• _Supplied data_:
▽

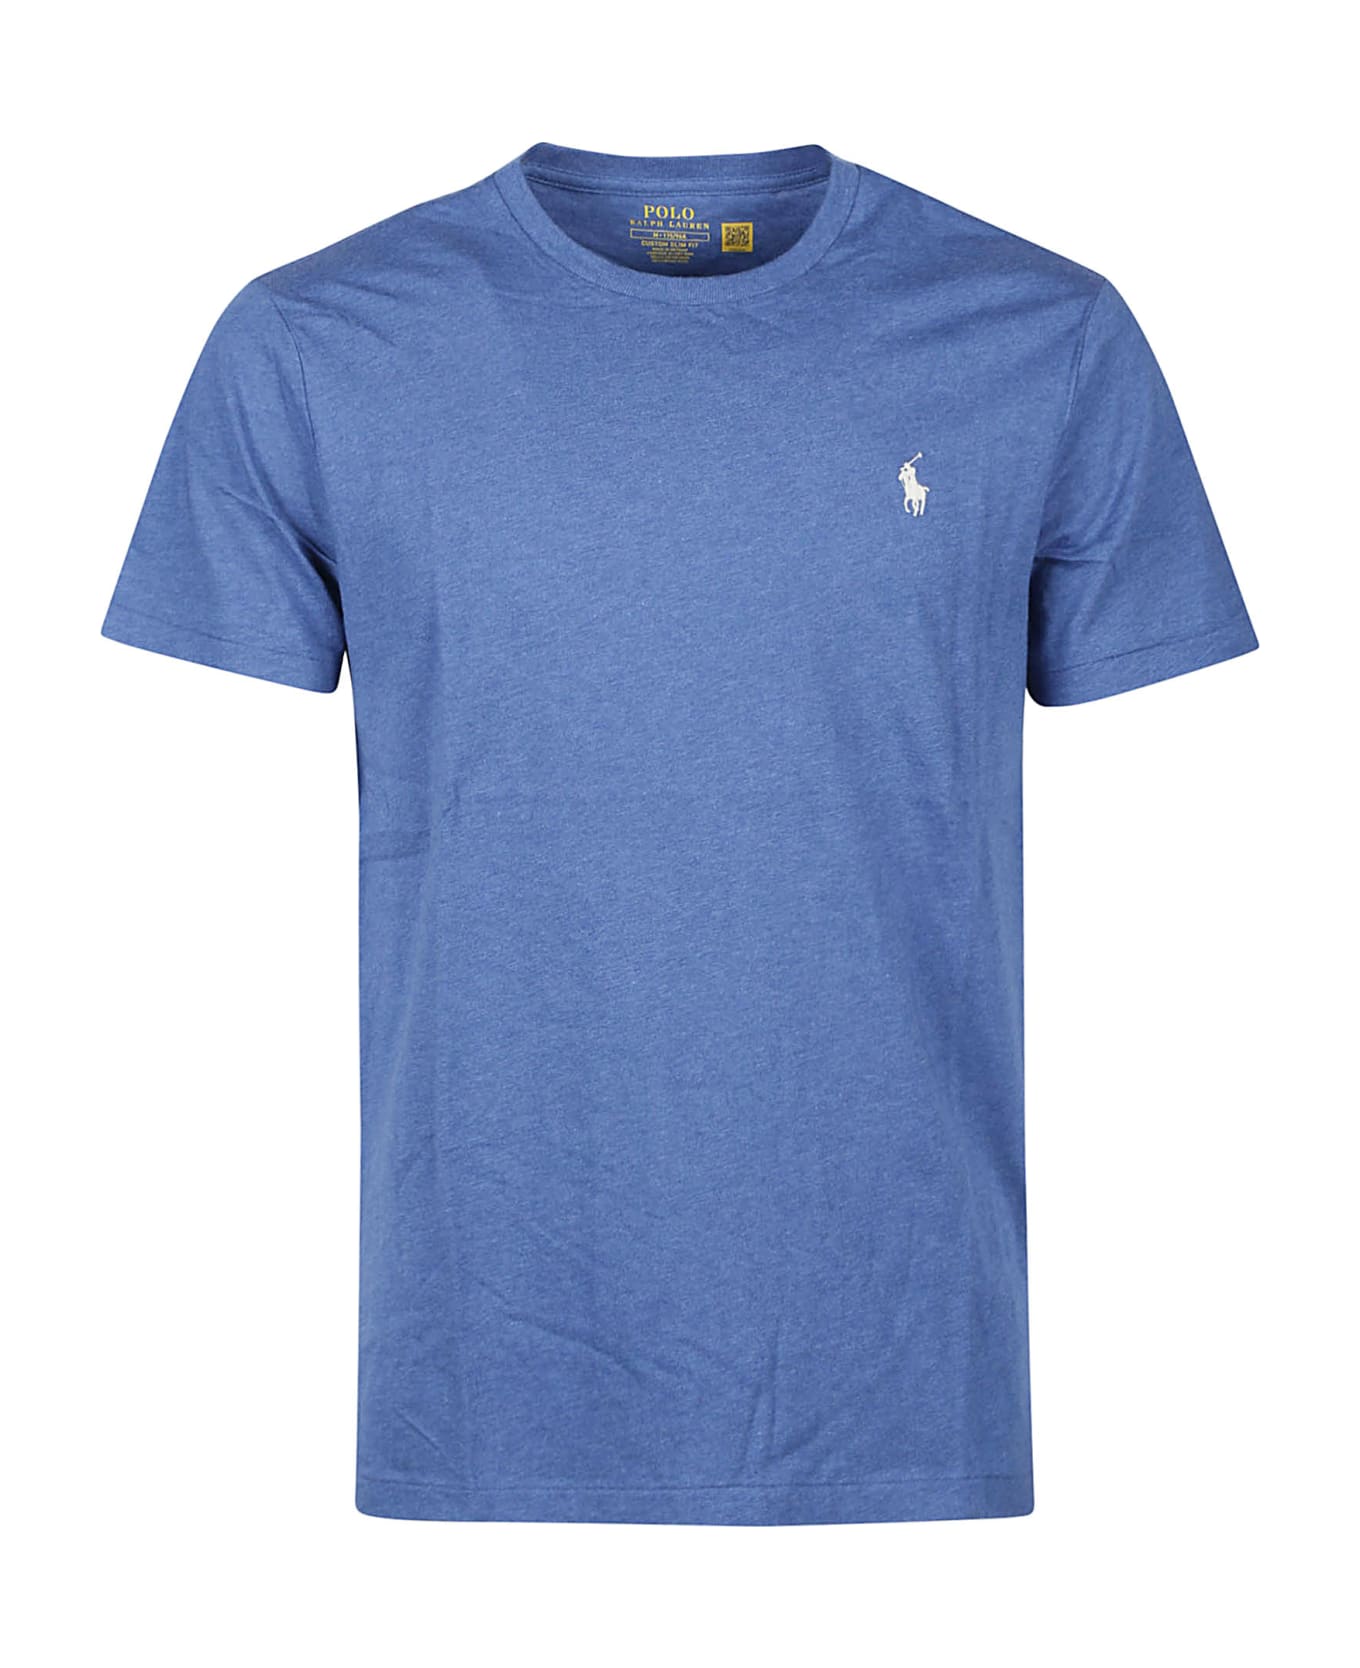 Ralph Lauren T-shirt - Fog Blue Heather シャツ
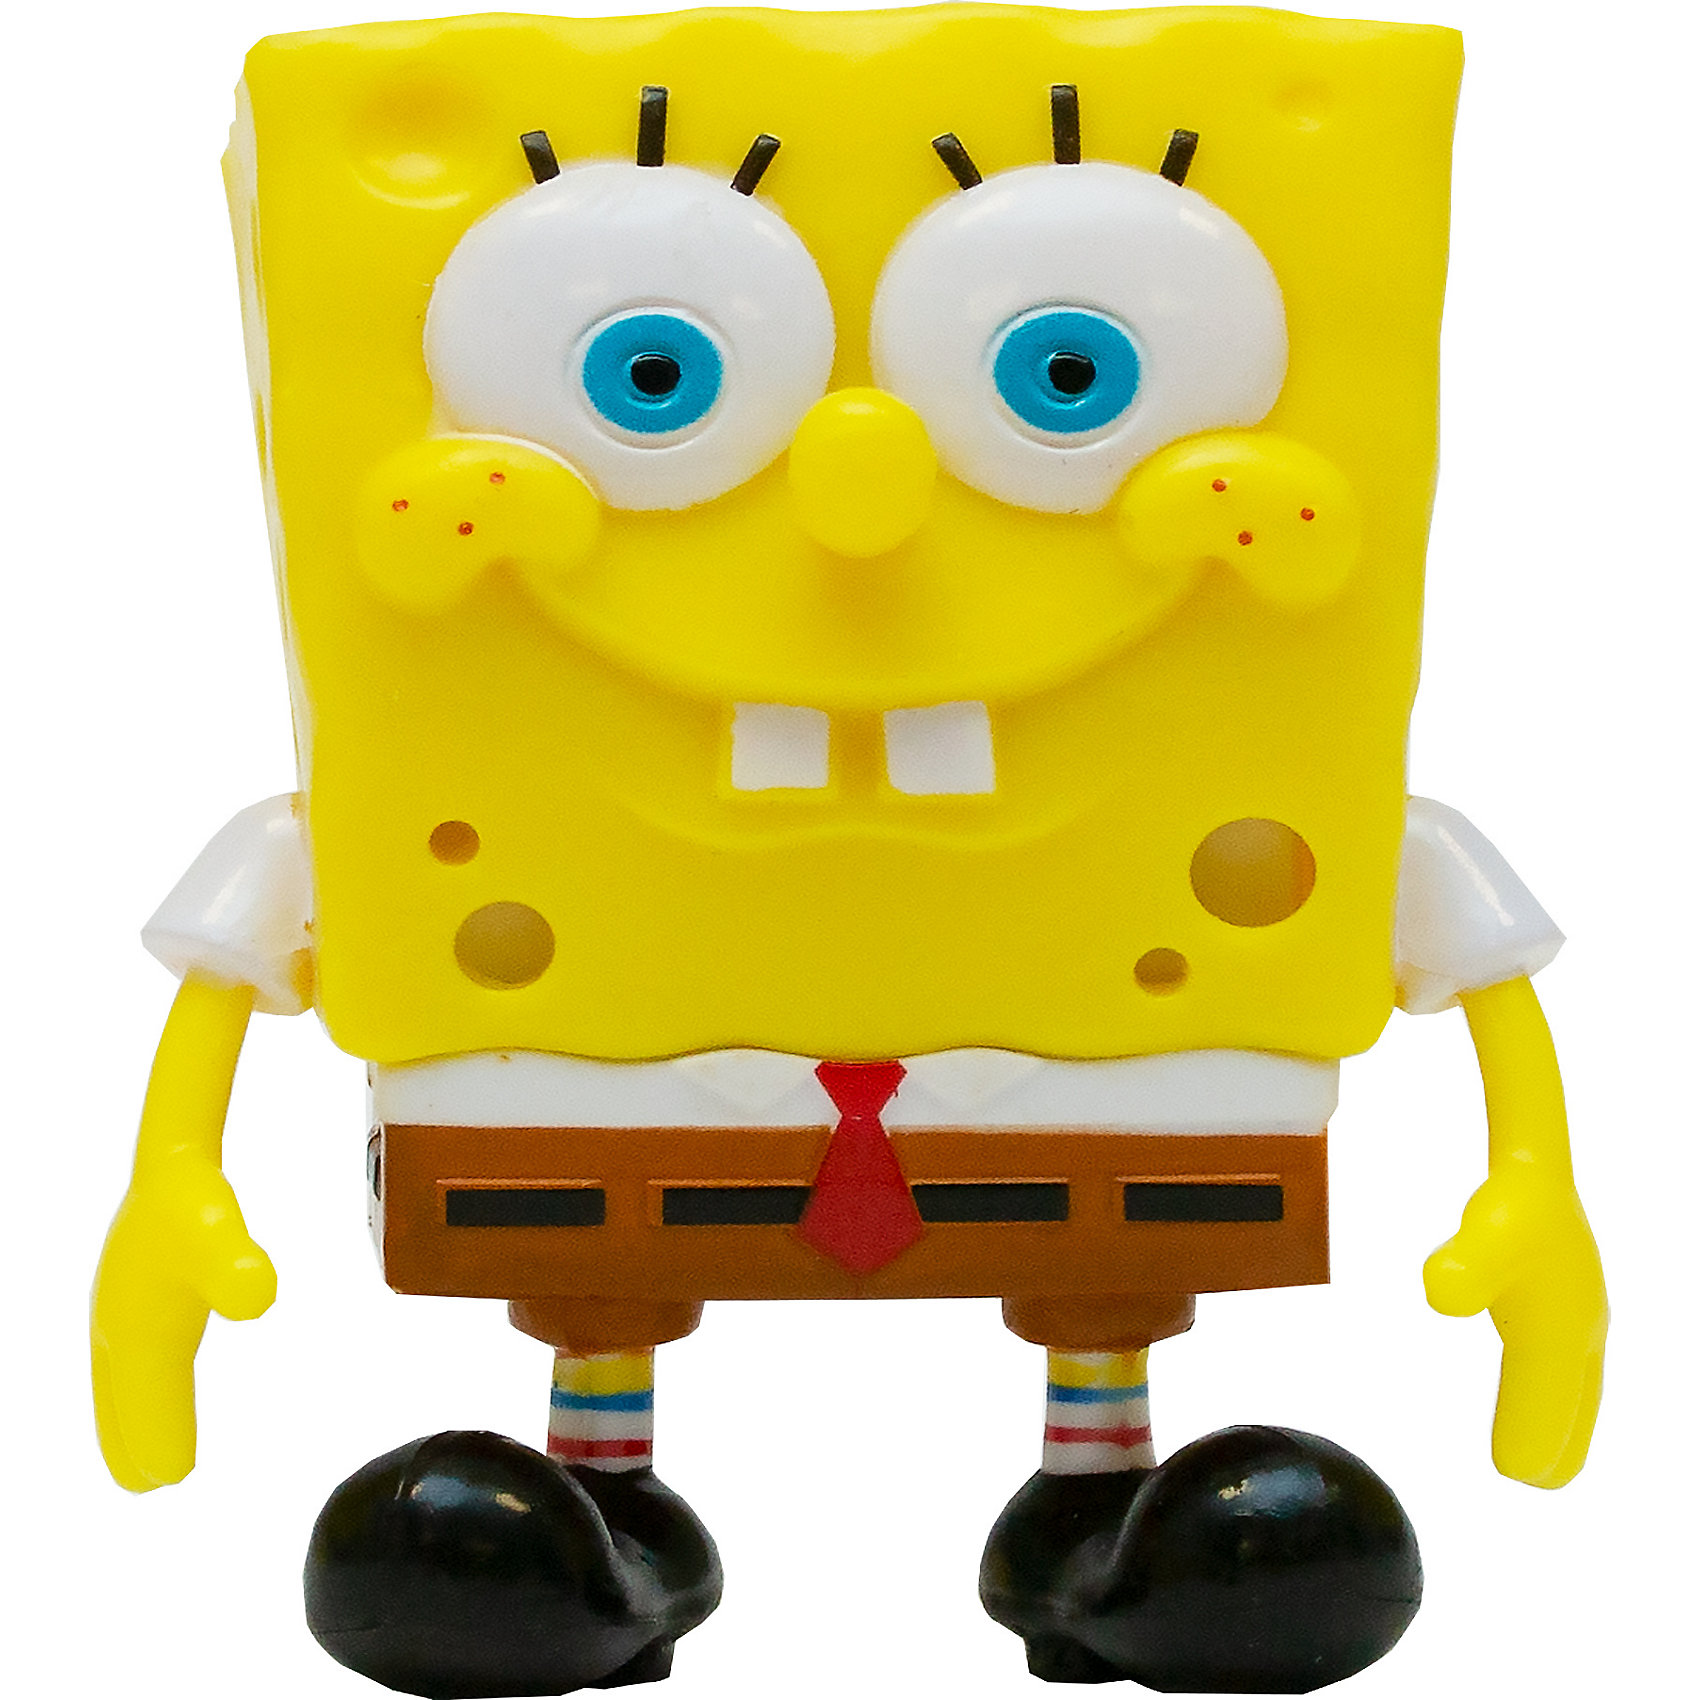 Купить игрушку боба. Spongebob eu690200 игровой набор со слизью. Игрушка антистресс Spongebob, eu690300. Игрушки Никелодеон губка Боб. Spongebob Squarepants / игрушка антистресс.
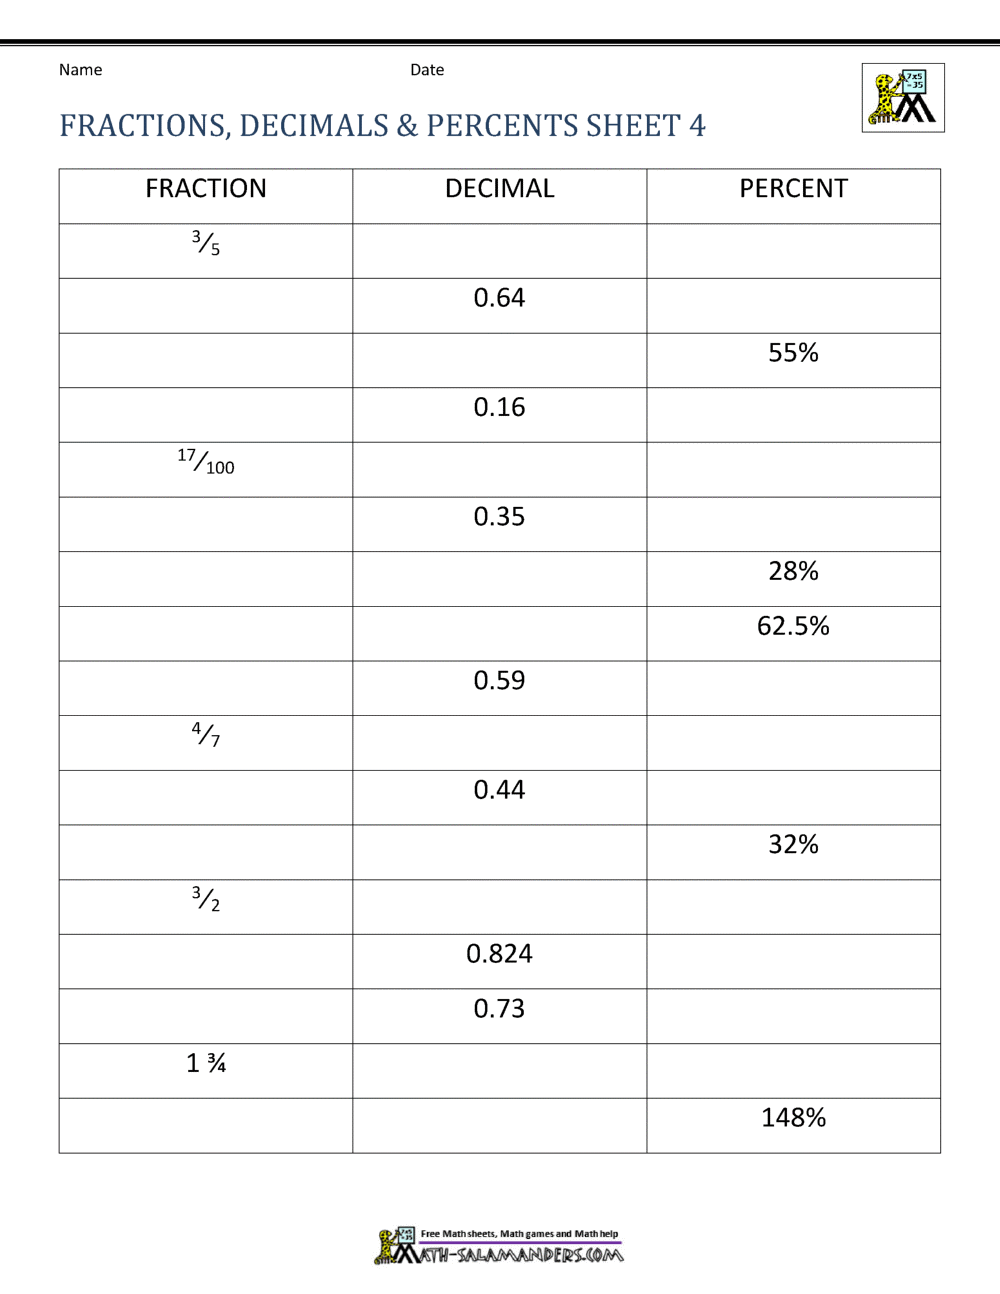 Fractions Decimals Percents Worksheets Throughout Fraction Decimal Percent Worksheet Pdf

△

Would you please output the listing above exactly, leaving out the pictures?

• _Response_:
 Ralph Lauren T-shirt - Fog Blue Heather シャツ
 Купить игрушку боба. Spongebob eu690200 игровой набор со слизью. Игрушка антистресс Spongebob, eu690300. Игрушки Никелодеон губка Боб. Spongebob Squarepants / игрушка антистресс.
 Fractions Decimals Percents Worksheets Throughout Fraction Decimal Percent Worksheet Pdf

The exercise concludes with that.